Darkwood is much weirder than I expected. I was drawn in by the promise of being non-scary – I wondered if a horror game could really resist the urge to suddenly surprise me, and if not, how could it scare. It also happened to be Halloween, so I wanted to be scared, and Darkwood had just arrived on PS5, so the pumpkins were aligned.
Darkwood Developer: Acid Wizard Games / Crunching Koalas (PS5) Publisher: Acid Wizard Games Platform: Played on PS5 Availability: Released in 2017 on PC and October 28, 2022 on PS5
But now I feel misled. Not because Darkwood isn’t scary, or because he uses scary jumps – that surprised me a few times (maybe there’s no getting away from that in the horror), but not enough to suggest he relied on it as a scare tactic. But because reducing Darkwood to a conversation about fears misses so much of what I think it’s about.
Darkwood is deep – surprisingly. It’s surprising because the retro top-down layout – it’s kind of like Hotline Miami but without the garish colors – and base defense setup make it pretty straightforward. You’ve played this kind of game a million times before. Find some wood to barricade the windows. Find fuel to power a generator. Craft things. Keep lights on, keep enemies away at night.
Darkwood makes a lot more sense in motion – screenshots can’t quite do it justice.
But it’s what’s underneath, and what begins to emerge over time, that makes Darkwood so much more. Take the tutorial, for example. It’s not what you expect. You’re a guy trapped in a cabin in the woods, and while exploring the cabin you find some cages, but you can’t clearly see what’s going on because the lights are dim – the game loves playing with light. Everything seems slightly fake and disturbing. Then a stranger comes and you capture him.
Then the game switches and all of a sudden you’re the alien and you’re locked in, and you start to see the man you were before in a whole new light. And you start to see what those cages were for. And it’s sinister. And then it’s brutal. And then it’s over. Except that in fact, it’s only just begun.
I don’t mean to sound cryptic in the way I write this, it’s just that that’s how Darkwood makes me feel. I don’t know what’s going on. I know I’m back in a house like the one I was captured in, but I don’t know why I keep coming back here every time I die. I also don’t know why there’s a wolfman I can talk to, or why a weird-looking trader is in my shelter every morning. Last night, during a tense wait for sunrise, someone knocked on the door and someone left me an invitation to a children’s party. There are so many weird things happening. It’s a world where questions lead to more questions. All I know is that I’m trying to get out of it.

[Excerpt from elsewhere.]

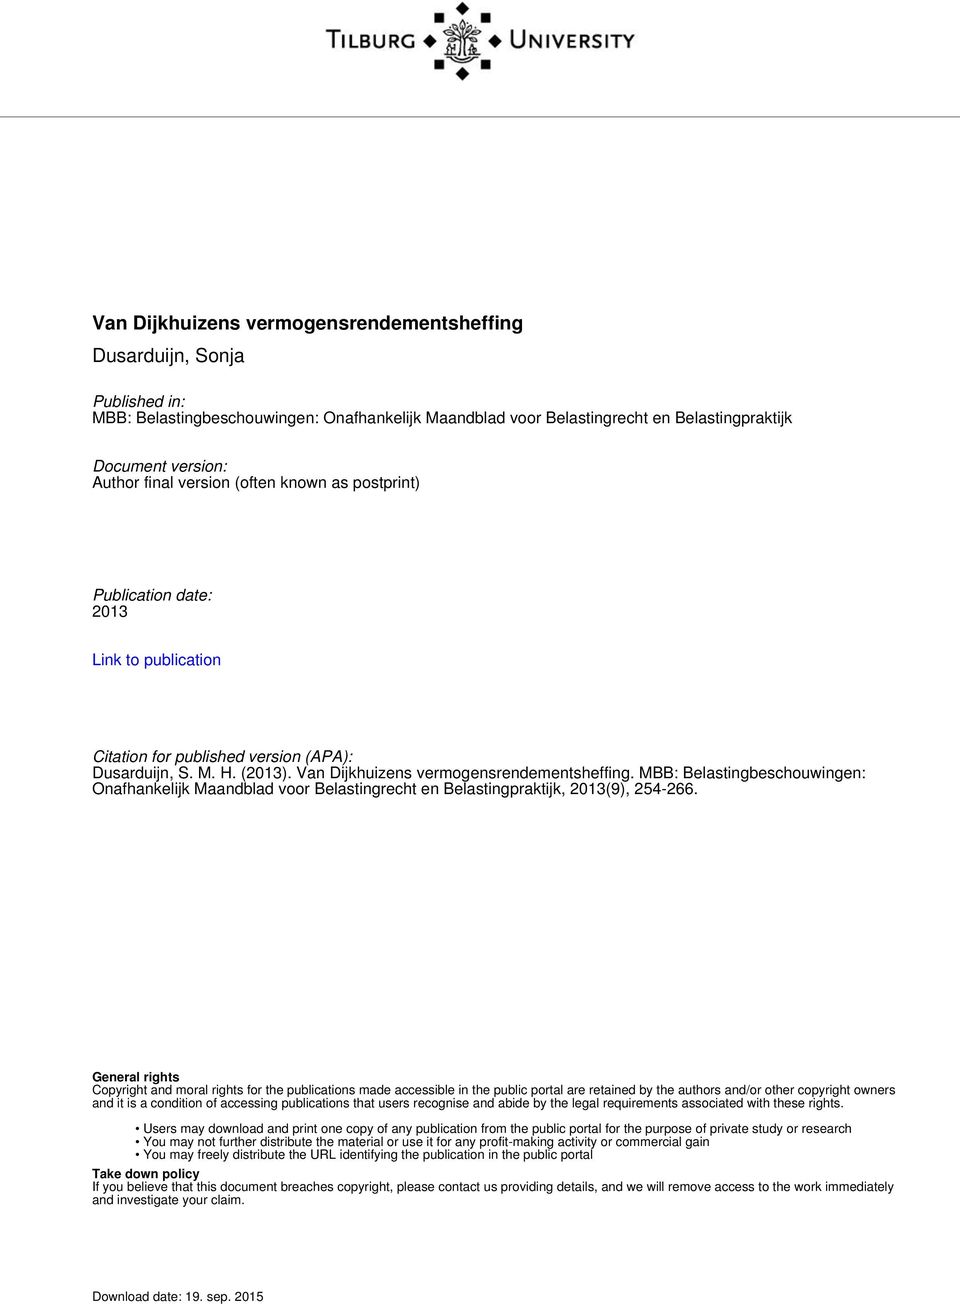 Van Dijkhuizens vermogensrendementsheffing. MBB: Belastingbeschouwingen: Onafhankelijk Maandblad voor Belastingrecht en Belastingpraktijk, 2013(9), 254-266.

That’s what Darkwood looks like, a lot. A cone of light shines from your character illuminating your field of vision. See what I mean about the simple look? And yet, there is goosebumps, isn’t there? Maybe it’s the trees, maybe it’s the darkness. Either way, it’s disturbing.
Ah, there is no place like home! Here I am at work on my sawmill looking across the meadow and wondering what today might bring me. Death, probably. But I will come back to life in this house, for some reason.
It’s this aspect of the game, wrapped inside a simple-looking shell, that keeps pulling me back. And even though I say “simple”, there’s an undeniable dark beauty, punctuated with moments of remarkably detailed art. Coupled with menacing music beats and sound effects thumps, Darkwood conjures up the whole atmosphere. Thus, despite appearances, it is indeed a story game. You can die and come back to life, but the game does not restart each time you do. It’s all a gradual onion peeling of the big story, and I’ve seen some people estimate that there’s up to 50 hours of, uh, onion(?) to discover here.
People know this because Darkwood is not a new game. It was released five years ago on PC and was in early access a few years before. New is its arrival on PS5, which adds 4K support and DualSense features that really make a difference. The speakers and controller rumble are used to powerful effect. Floors creak and twigs snap, and there’s a gradual buildup of throb as enemies (and dawn) approach. It’s very effective.
Being an older game also works in Darkwood’s favor. Not only is there a timelessness in what he does and what he looks like that preserves him, but time has also allowed things to mature, stabilize, improve. Even more encouraging, tens of thousands of people are saying very positive things about it.
Does Darkwood manage to scare without scaring, then? It does much more than that.